The YAML file uses the same structure as the dict rules:

name: item.name
city: address.city
website:
  $convert_website:
    fieldname: item.url
    actions:
      - action_type: remove_params_from_url
        action_value: item.url

Rule Types Overview

Field Mapping

A string value maps an output key directly to an input field path:

{"output_key": "input.field.path"}

Field Conversions ($convert)

Transform a field value in-place on the input record before it is mapped to output. See Field Convertors for the full reference.

{
    "$convert_price": {
        "fieldname": "item.price_str",
        "actions": [
            {"action_type": "to_str", "action_value": "item.price_str"}
        ]
    },
    "price": "item.price_str",
}

Date Formatting ($format_date)

Convert date fields between formats. See Date Convertors.

{
    "$format_date_opened": {
        "date_field": "opened_date",
        "format": "DD-MM-YYYY",
    },
    "opened": "opened_date",
}

Commands ($)

Compute output values using command functions. See Command Processor.

{
    "location": {"$point": {"lat": "latitude", "lon": "longitude"}},
    "full_name": {"$join": {"fields": ["first_name", "last_name"], "separator": " "}},
}

Skip Rules ($skip)

Conditionally skip the entire record.
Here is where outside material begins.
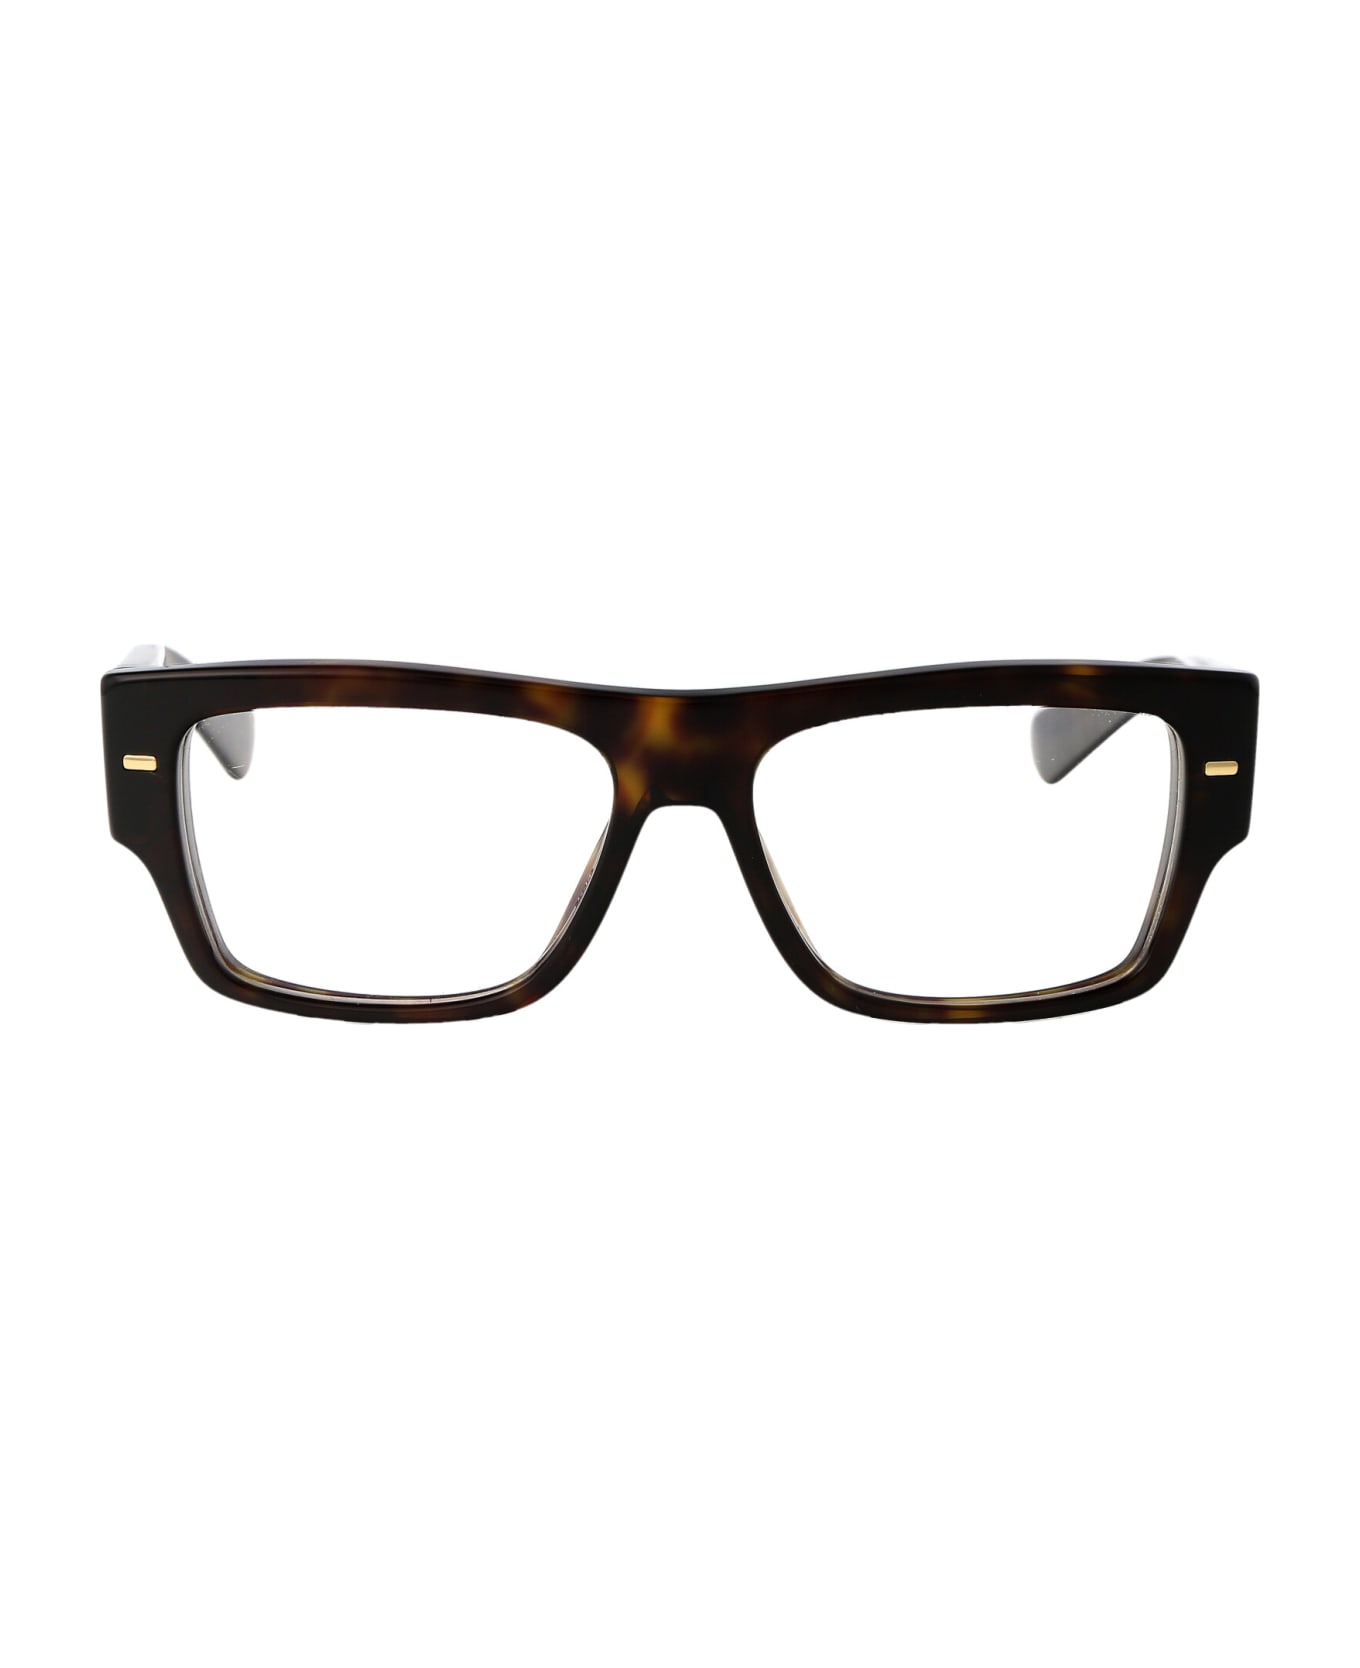 Dolce & Gabbana Eyewear 0dg3379 Glasses - 502 HAVANA

See Conditions.

{
    "$skip": {
        "fieldname": "status",
        "condition": {"equals": "inactive"},
    }
}

Dataclass Processing ($dataclass)

Run a record through a Pydantic model or dataclass. See Dataclass Processor.

{
    "$dataclass": {
        "data_class_name": "MyModel",
        "params": {"name": "item.name"},
        "methods": [],
    }
}

Protocol-Based Customization

The convertor uses protocols for dependency injection, allowing you to substitute custom implementations:

from record_convertor import RecordConvertorWithRulesDict
from record_convertor.field_convertors import BaseFieldConvertor

class MyFieldConvertor(BaseFieldConvertor):
    def my_custom_action(self, action_value):
        # custom conversion logic
        self.set_field_value("transformed", self._field_name)

convertor = RecordConvertorWithRulesDict(
    rule_dict=rules,
    field_convertor=MyFieldConvertor,
)

Available protocol injection points:

  • field_convertor — custom field conversion class (implements FieldConvertorProtocol)

  • date_formatter — custom date formatting class (implements DateFormatProtocol)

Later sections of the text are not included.